| SOURCE DATA |
================

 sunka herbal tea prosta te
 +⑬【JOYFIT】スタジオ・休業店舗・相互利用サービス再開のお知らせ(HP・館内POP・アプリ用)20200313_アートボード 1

================

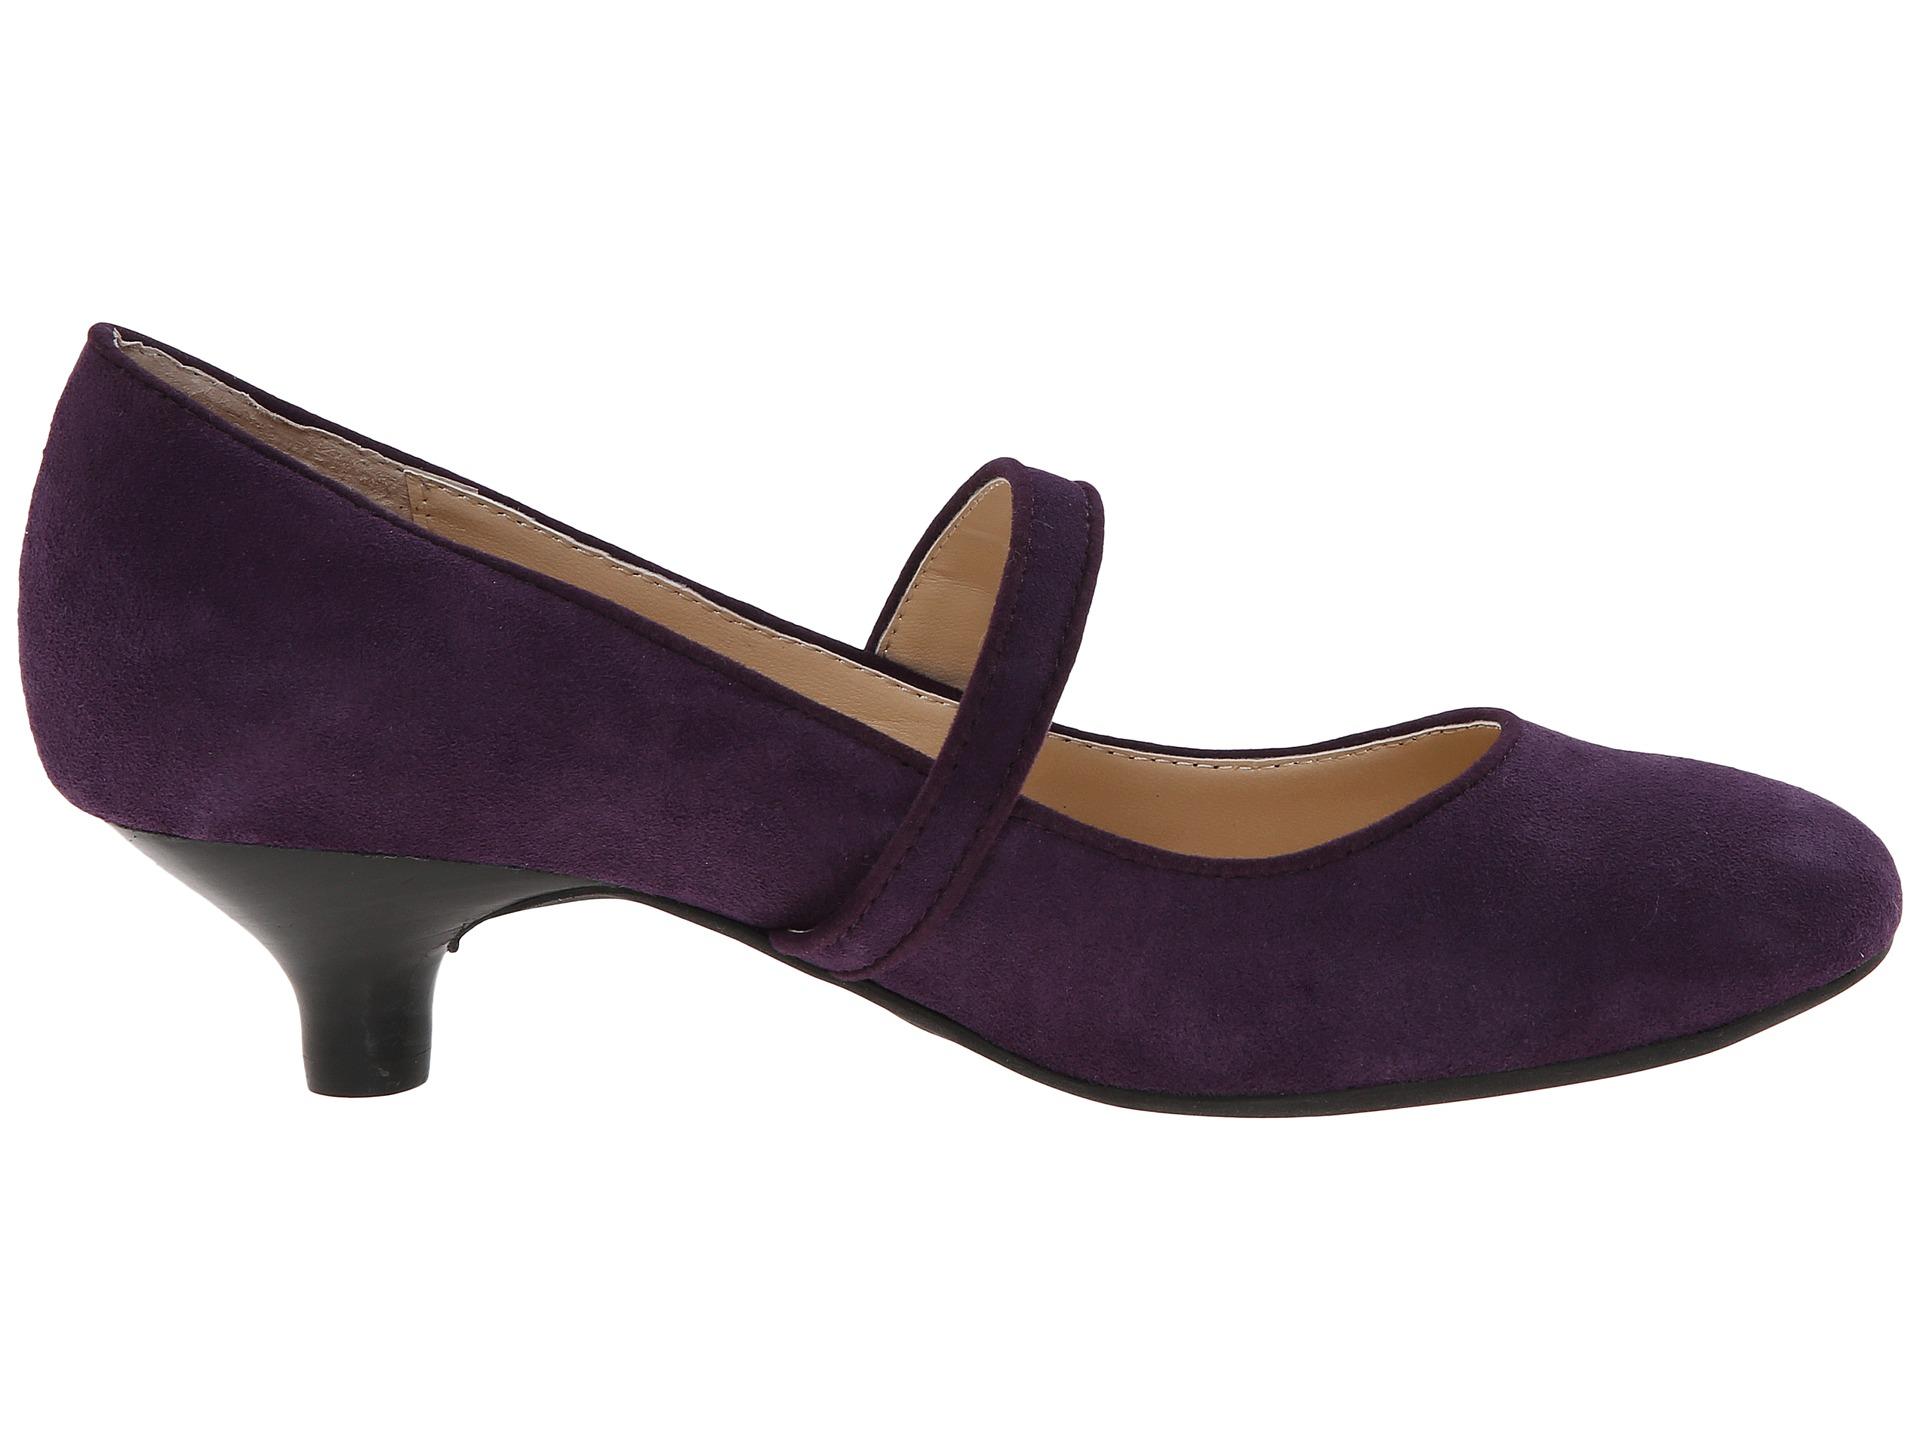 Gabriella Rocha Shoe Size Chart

================

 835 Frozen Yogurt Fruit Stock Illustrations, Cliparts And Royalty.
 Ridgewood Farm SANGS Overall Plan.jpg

================

| WORK TASK |
Out of the entries above, write out only the lines between the line holding "835 Frozen Yogurt" and the line holding "Ridgewood Farm SANGS Overall Plan.jpg", inclusive, each exactly as given.

| WRITTEN REPLY |
 835 Frozen Yogurt Fruit Stock Illustrations, Cliparts And Royalty.
 Ridgewood Farm SANGS Overall Plan.jpg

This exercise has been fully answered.